The third line is streptomycin, which is an aminoglycoside, as we’ve already seen. It’s only given as an antituberculous drug, and works in areas where there’s more oxygen. Other drugs are:
- Ethambutol: This inhibits RNA synthesis. It’s bacteriostatic, but has effective antituberculous activity. As far as adverse effects are concerned, it presents hypersensitivity and retrobulbar neurosis.
- Isoniazid: This inhibits the synthesis of mycolic acid, a lipid constituent of mycobacteria, thus killing the cell. It produces adverse hepatic and neurological reactions. To reverse it, pyridoxine is administered, because the toxic effect is due to its depletion. It’s the first choice in the treatment and prophylaxis of tuberculosis.
- Pyrazinamide: The exact mechanism of action isn’t known. It’s bactericidal against M. tuberculosis only in an acid medium. Furthermore, it’s more effective against intracellular bacilli and also in low oxygen lesions. It’s administered orally in combination with isoniazid and rifampicin.

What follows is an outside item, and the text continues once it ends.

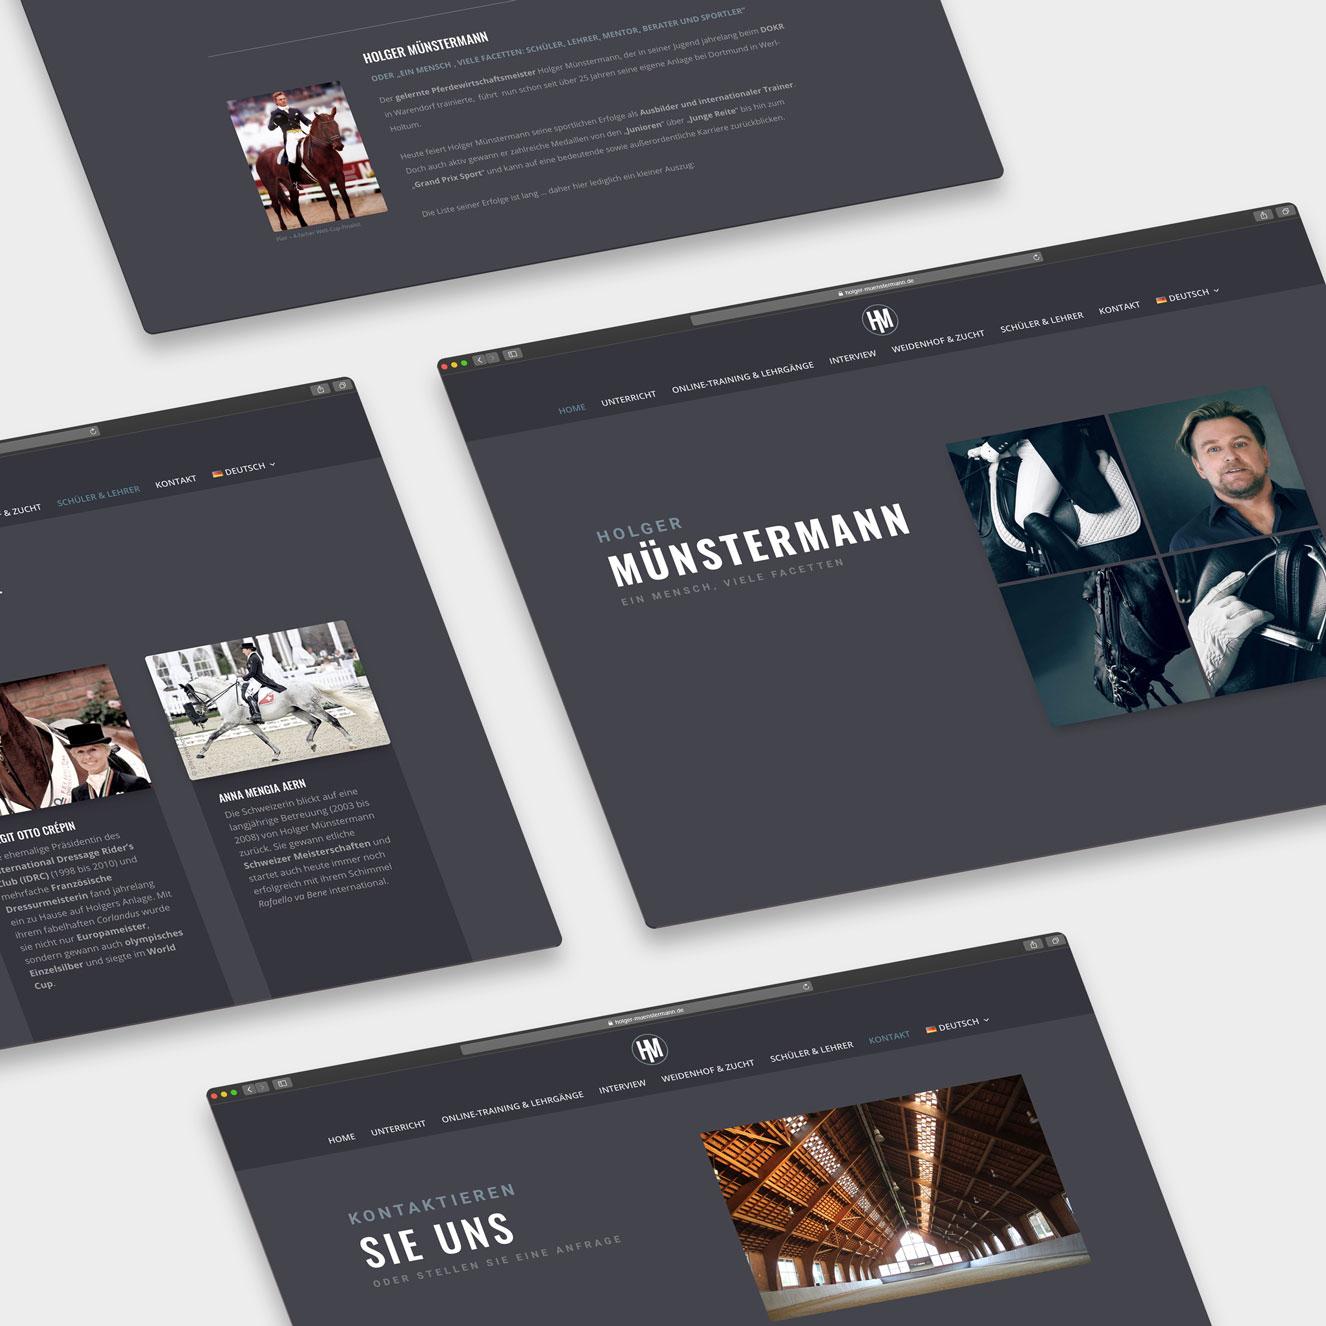 1313 multimedial Grafikdesign Webdesign Sauerland Arnsberg Holger Muenstermann

The main adverse reaction here is the high hepatotoxicity it produces.
Other commonly-used antibiotics are:
- Nitrofurantoin: in a urinary antiseptic against Gram bacteria -. They’re unstable metabolites that break bacterial DNA.
- Mupirocin: This is for topical administration. It prevents the incorporation of isoleucine into cell walls. It’s also associated with healing agents to promote healing.
- Fosfomycin: This inhibits the cell wall. It’s broad-spectrum and is used to treat the elderly with respiratory problems.
- Oxazolidinones: linezolid inhibits protein synthesis by binding to the 50S subunit of ribosomes. It’s used for patients with pneumonia, but you must be careful with heart problems.
Well, when strains are resistant to antibiotics, it basically means that this antibiotic is no longer effective against that bacterium. But how can that happen? There are various mechanisms that these microorganisms develop to defend themselves against the effect of the drug.
On the other hand, you may think that if one particular drug is no longer effective against that bacteria, then we can use another and the problem ends. Yes, that is indeed one solution we have today, but the problem is that we often abuse the use of antibiotics, and the bacteria that are being treated with the other antibiotic can also become resistant to that one.
As a result, there are fewer and fewer antibiotics that we have to fight against pathogenic bacteria and we could be left without a cure. The development of new drugs is a complex, long, and very expensive process. For this reason, it’s extremely important not to self-medicate and always follow the doctor’s recommendations.